Incyte’s chemotherapy drug Jakafi failed to show benefit as a treatment for severe COVID-19 in a phase 3 trial. Although the study did not meet its primary endpoint, the company and its partner Novartis say they still plan to offer the therapy on a compassionate-use basis, as long as the FDA gives its approval. The rationale for making Jakafi available as a compassionate-use drug is based on the finding that it seemed to improve mortality rates among patients with severe COVID-19. While treatment with Jakafi in the phase 3 trial was associated with a mortality improvement that did not reach statistical significance overall, survival improvements did reach significance in a group of U.S. patients. These patients comprised more than 90 percent of the overall study cohort.

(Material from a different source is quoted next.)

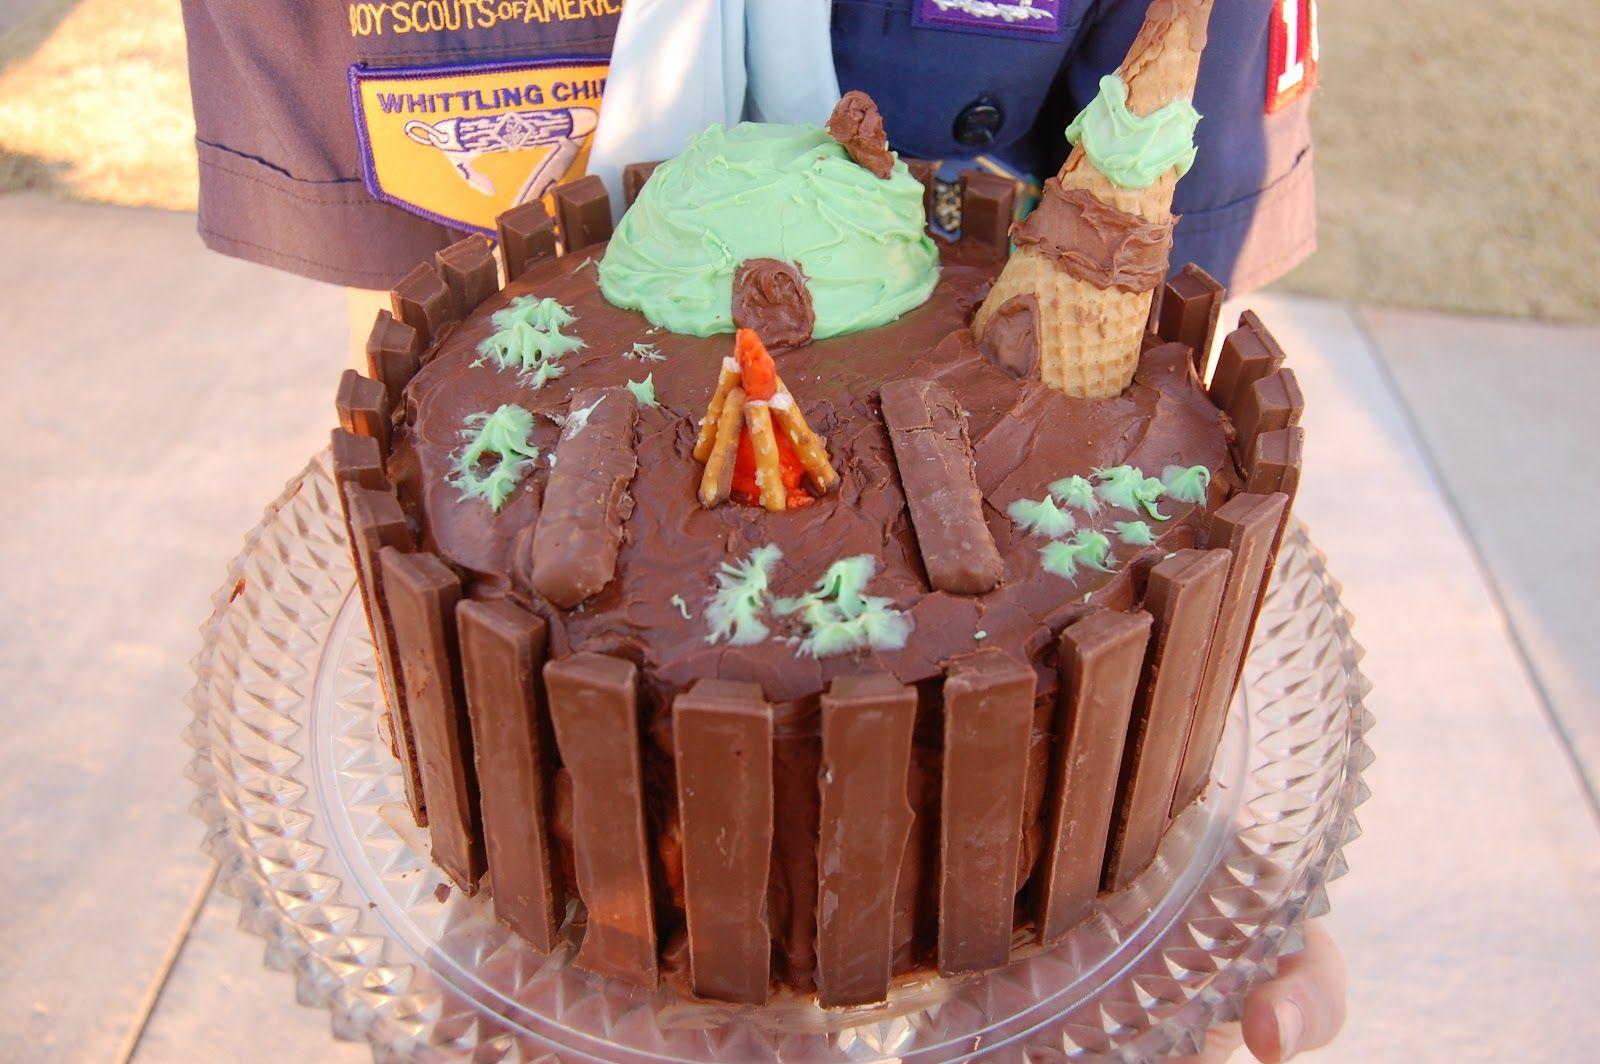 boy+scout+cake+decorating | Boy Scout Cake Ideas & boy+scout+cake+decorating | Boy Scout Cake Ideas | POTATOES ...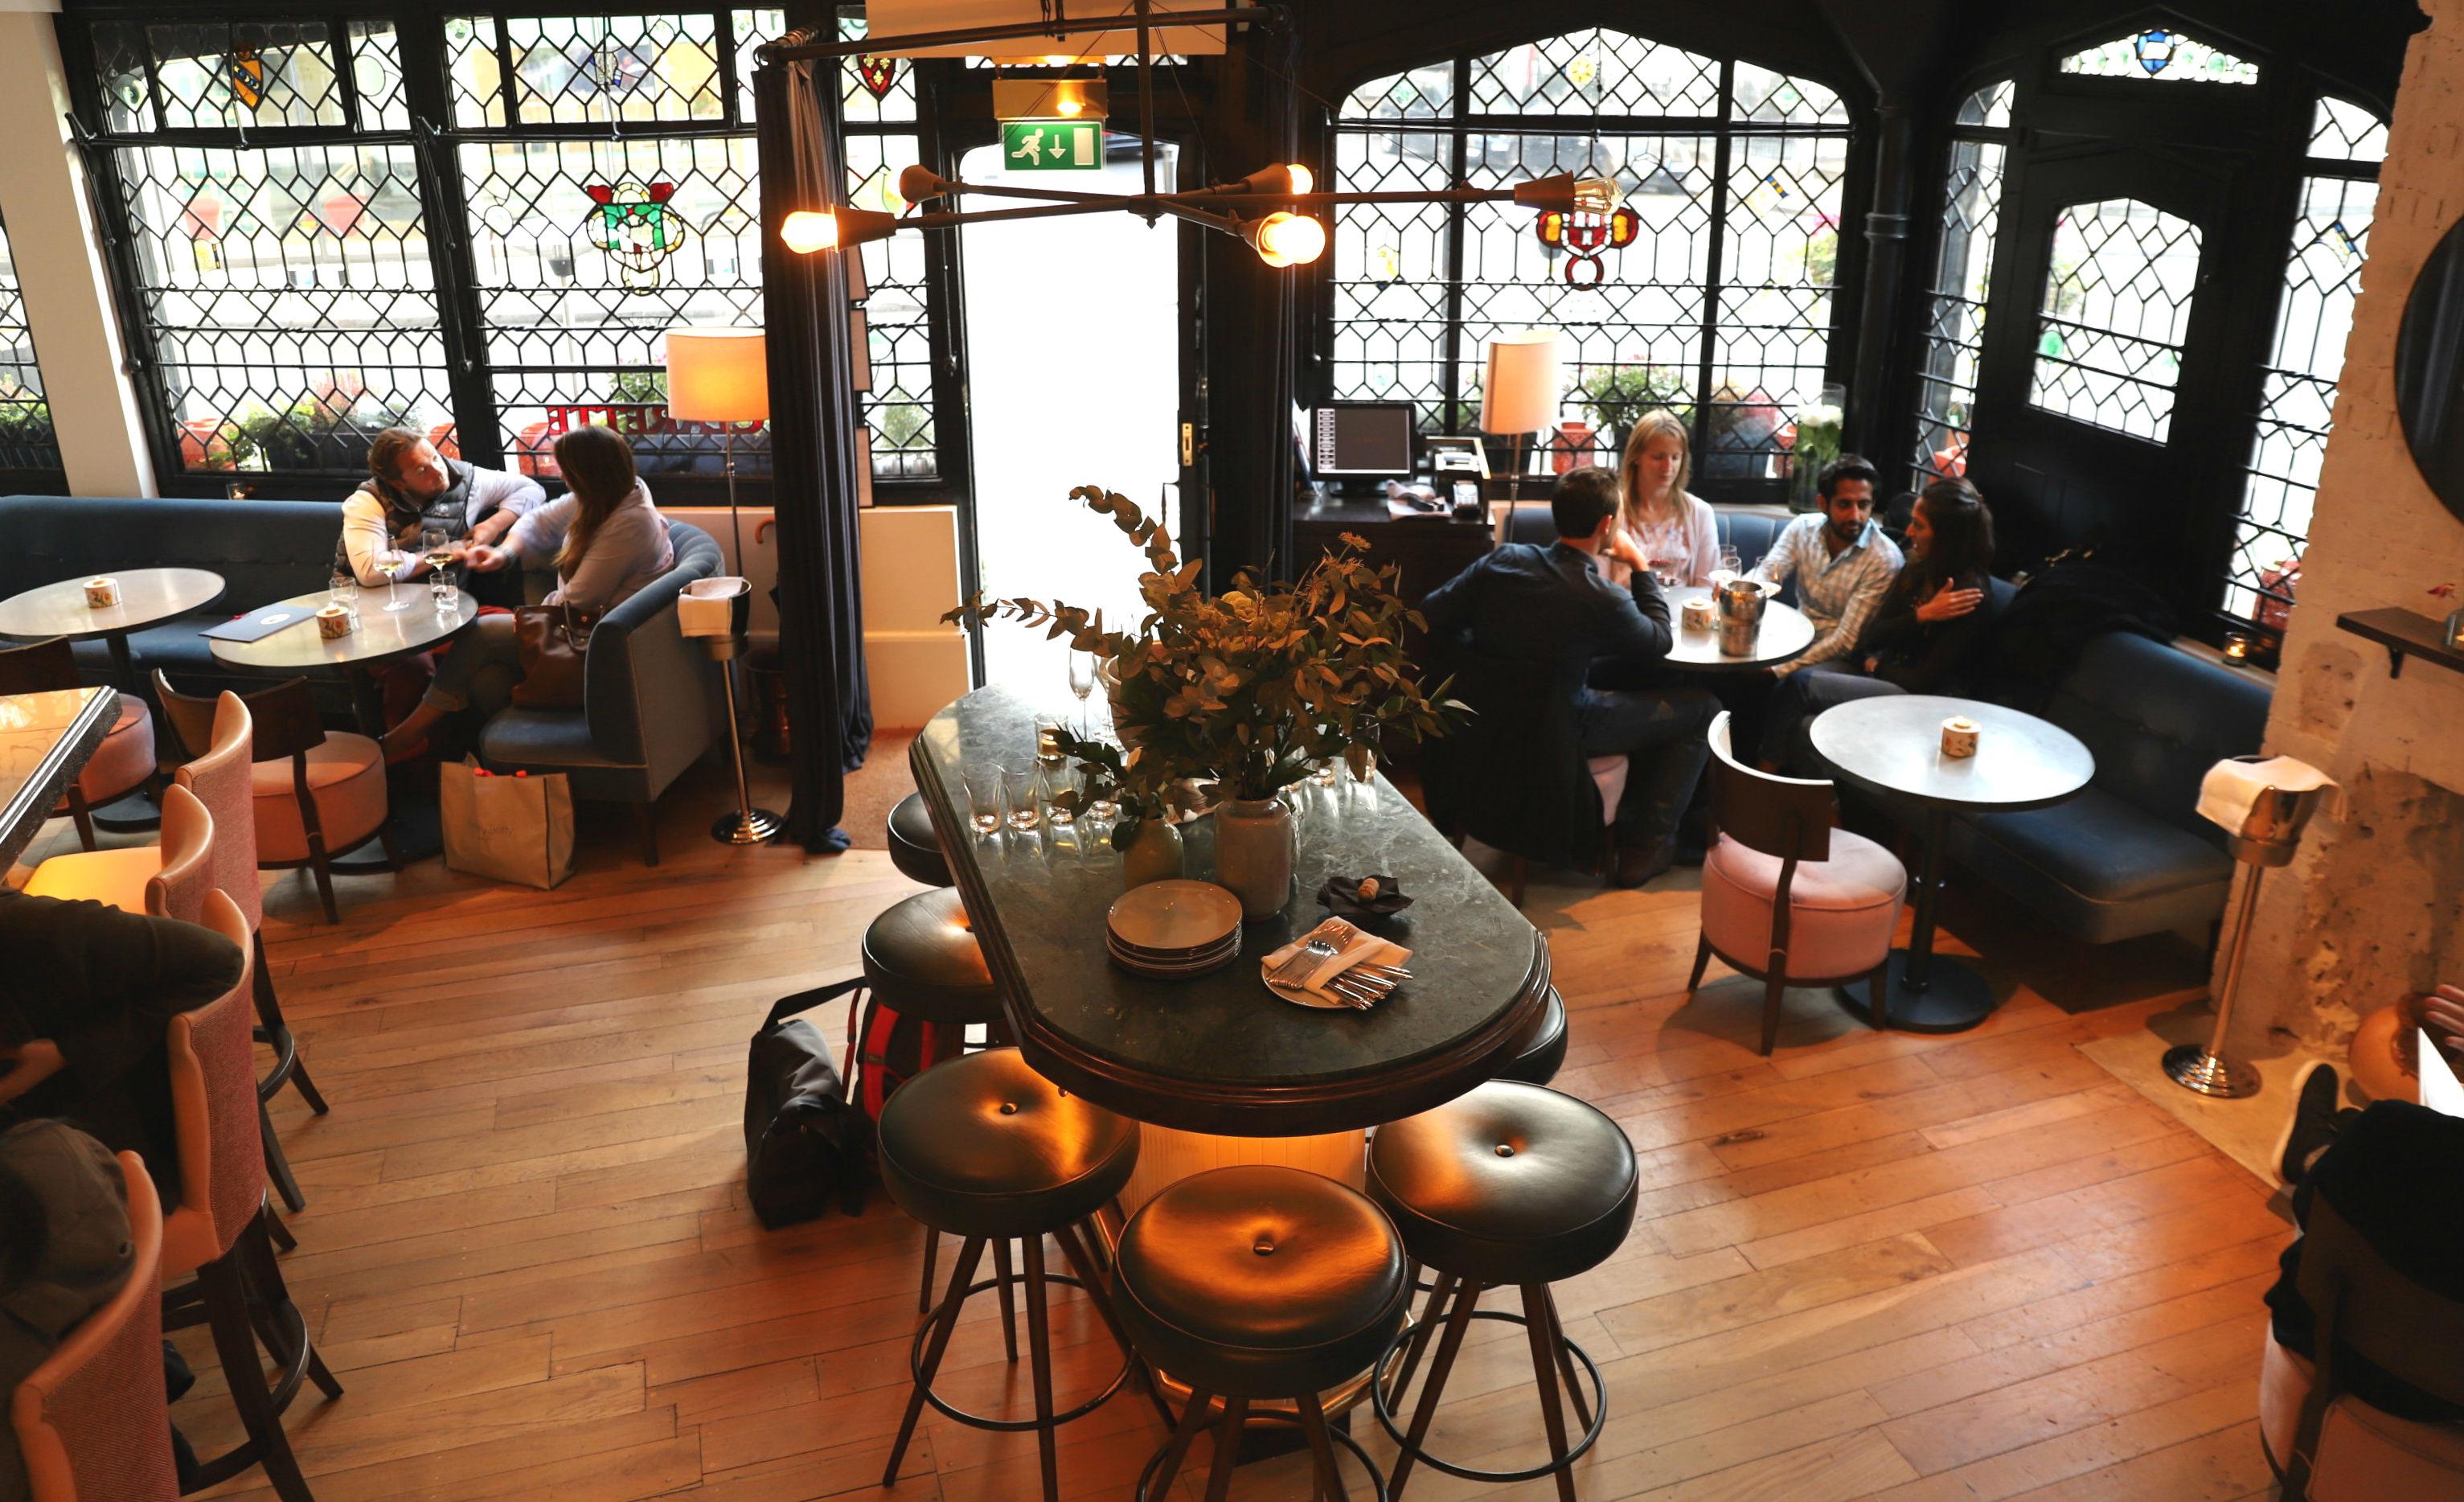 The restaurant Clarette in London

Anti-SARS-CoV-2 drug candidate DC402234, developed by Shanghai Institute of Materia Medica of the Chinese Academy of Sciences, has entered into a phase 1 trial in the U.S. The drug is a peptidomimetic compound that was synthesized through the analysis of the crystal structure of the coronaviruses Mpro. In the new study, investigators hope to see that DC402234 can have significant activity against COVID-19. Researchers have previously found that DC402234 has effective inhibitory activity against the novel coronavirus that causes COVID-19. Clinical in vivo work also shows the compound has an overall good pharmacokinetic and safety profile.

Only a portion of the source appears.